Bad voltage regulation in the core.

Shell Type Transformers
You have two segments (E and I) laminations where they are stacked in alternating manners. The windings go on the same a leg and:

• reduces flux leakage
• Theres less voltage drop under load
• There is better voltage regulation

Equality of MMFS
When theres no voltage drop because reluctance in a circuit is 0 in an ideal transformer…

$N_p{I}_p=N_s{I}_s$
The power transfer from one side to the other is also lossless.

$\frac{I_s}{I_p}={\frac{V_s}{V_p}}_{}$

Making noise

In response to the magnetic flux in a transformer core, the core expands and contracts which causes noise (magnetostriction)

Internal Forces are exerted on laminations due to eddy currents and a magnetic field according to
$F=\overrightarrow{i}l\times \overrightarrow{B}$

Therefore, the frequency of force = 2x the frequency of excitation

Types of Cooling for Transformers

• Air cooling
• Oil cooling

Dot Convention

Denotes on which side the positive terminal is for a transformer

Principle of Operation

In an ideal transformer
$\frac{E_p}{E_s}={\frac{V_p}{V_s}}_{}=\frac{I_s}{I_p}={\frac{Np}{N_s}}_{}$
Also note that
$e_p=N_p\frac{d\varphi }{dt}$
If…

• a > 1 ⇒ E_s < E_p ⇒ Step down
• a < 1 ⇒ E_s > E_p ⇒ Step up
• a = 1 → E_s = E_p ⇒ Isolation

but more importantly in practice:
$E_p=4.44f{N}_p{\varphi }_m$
For impedances $\left|Z_p\right|={\left(\frac{N_p}{N_s}\right)}^2{Z}_s$

The Short Circuit Test

The short circuit test is performed to find the internal (thevenin) properties of a transformer

Impedances

The power dissipated during a short circuit test is due to the resistive component of impedance

The equivalent impedance (thevenin impedance can be calculated using the short circuit voltage and current)

Using the two found impedances, you can find the inductive component of impedance :)

MEMORIZE THIS EQUIVALENT CIRCUIT

By finding R, and X, you can use the given information and this model to find whatever you need in an ideal transformer (using KVL)
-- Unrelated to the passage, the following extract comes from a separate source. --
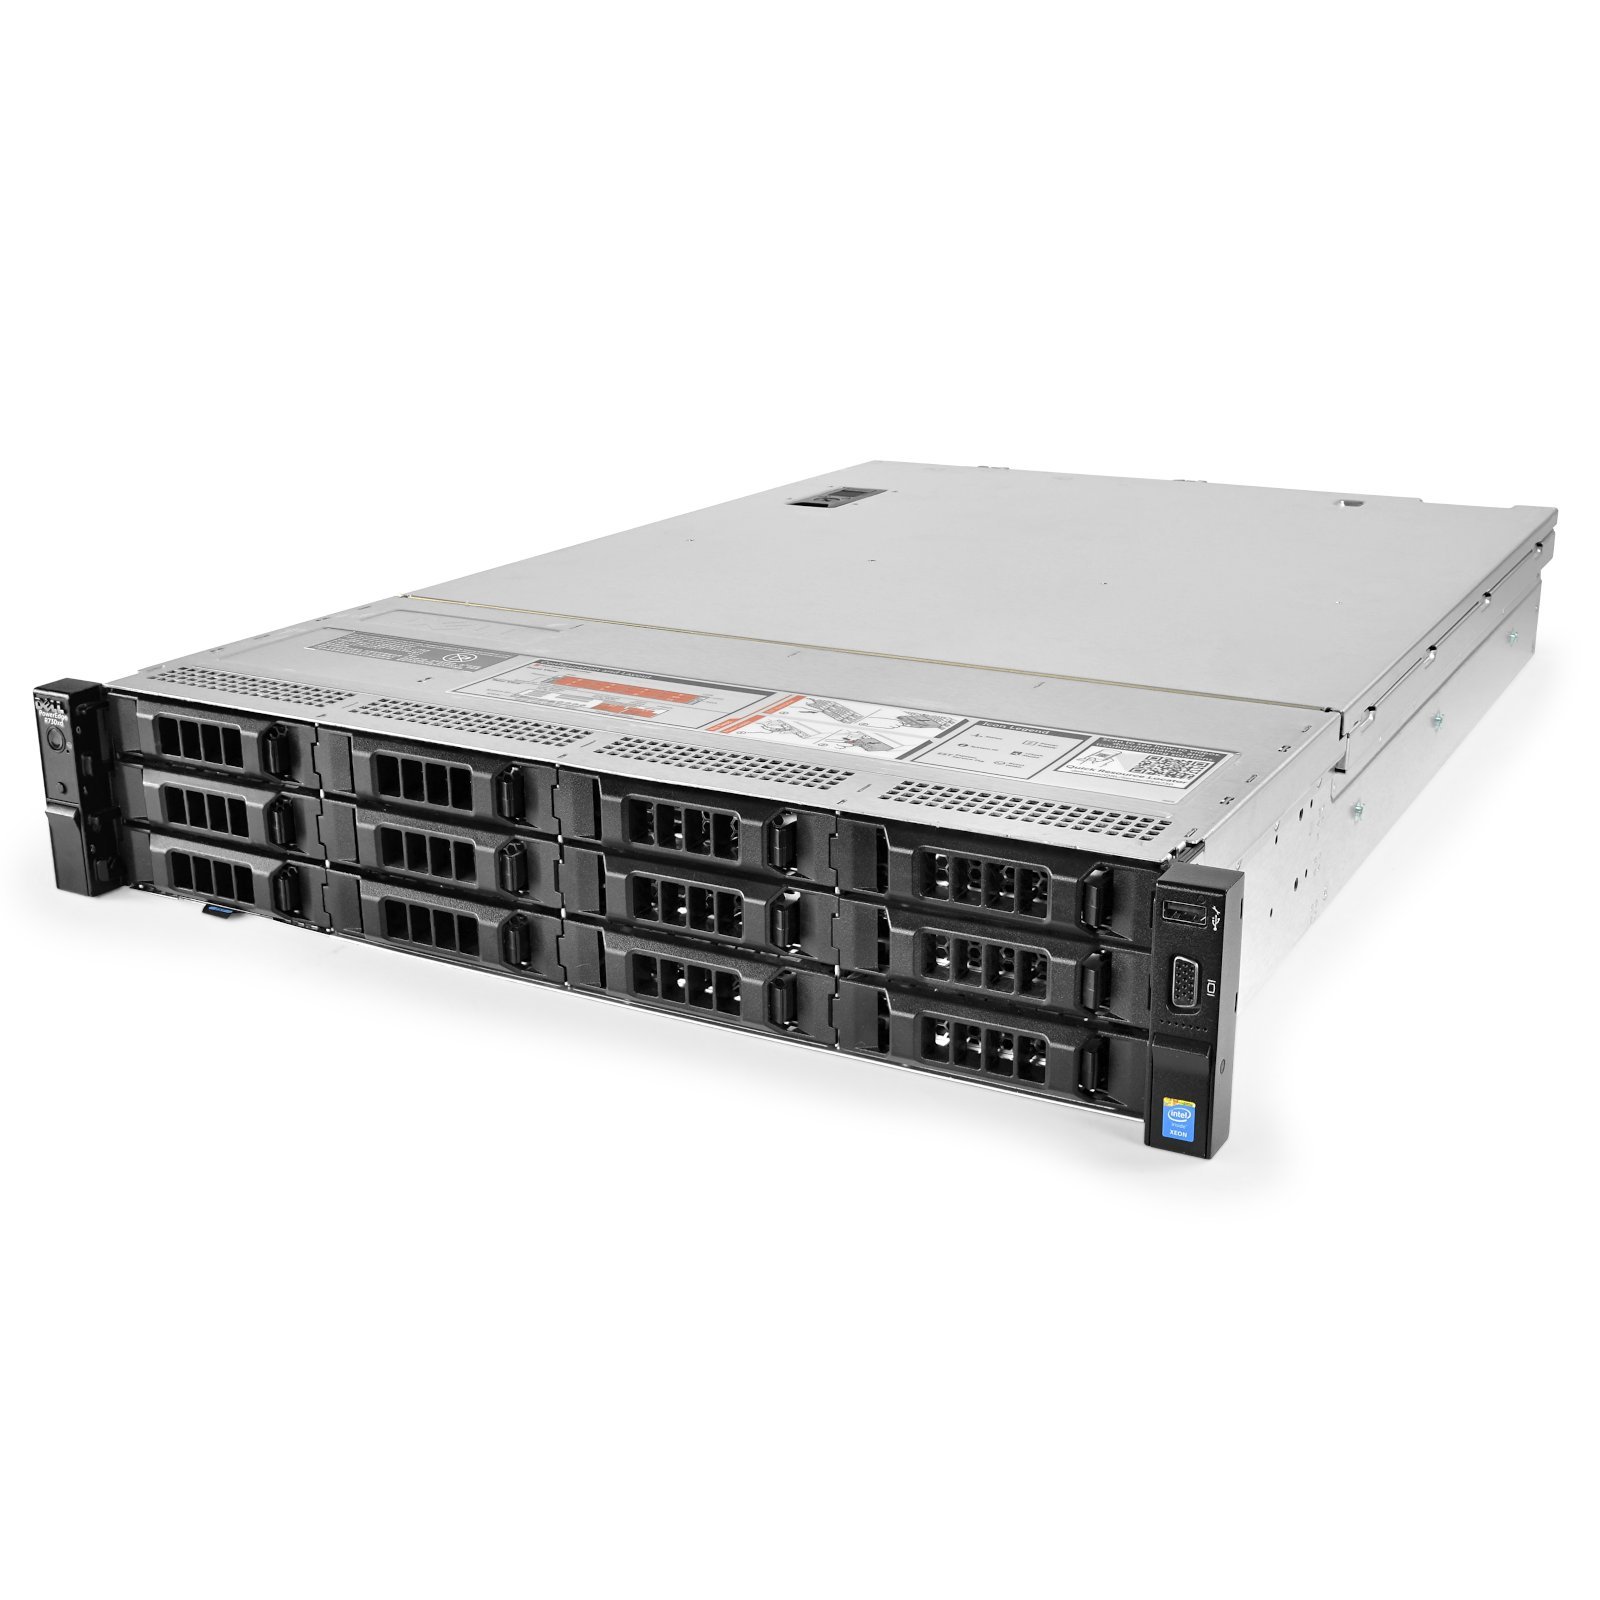 Подробное фото Сервер DELL PowerEdge R730XD Xeon 2x E5-2667v4 192Gb DDR4 2133P 12x noHDD 3.5", SAS RAID Perc H730 mini, 1024Mb, 2*PSU 750W

When to use different types of power:

• Use |S| when analyzing the overall transformer
• Use P when calculating efficiency and output power (caused by R)
• Use Q in the same situation as P but for impedances
• Use P_sc determining equivalent RESistance of a transformer (real)

Ignoring Winding Resistances and Inductances
In this case you don’t need to draw the model, you can just use the relationships outlined before this and solve for things…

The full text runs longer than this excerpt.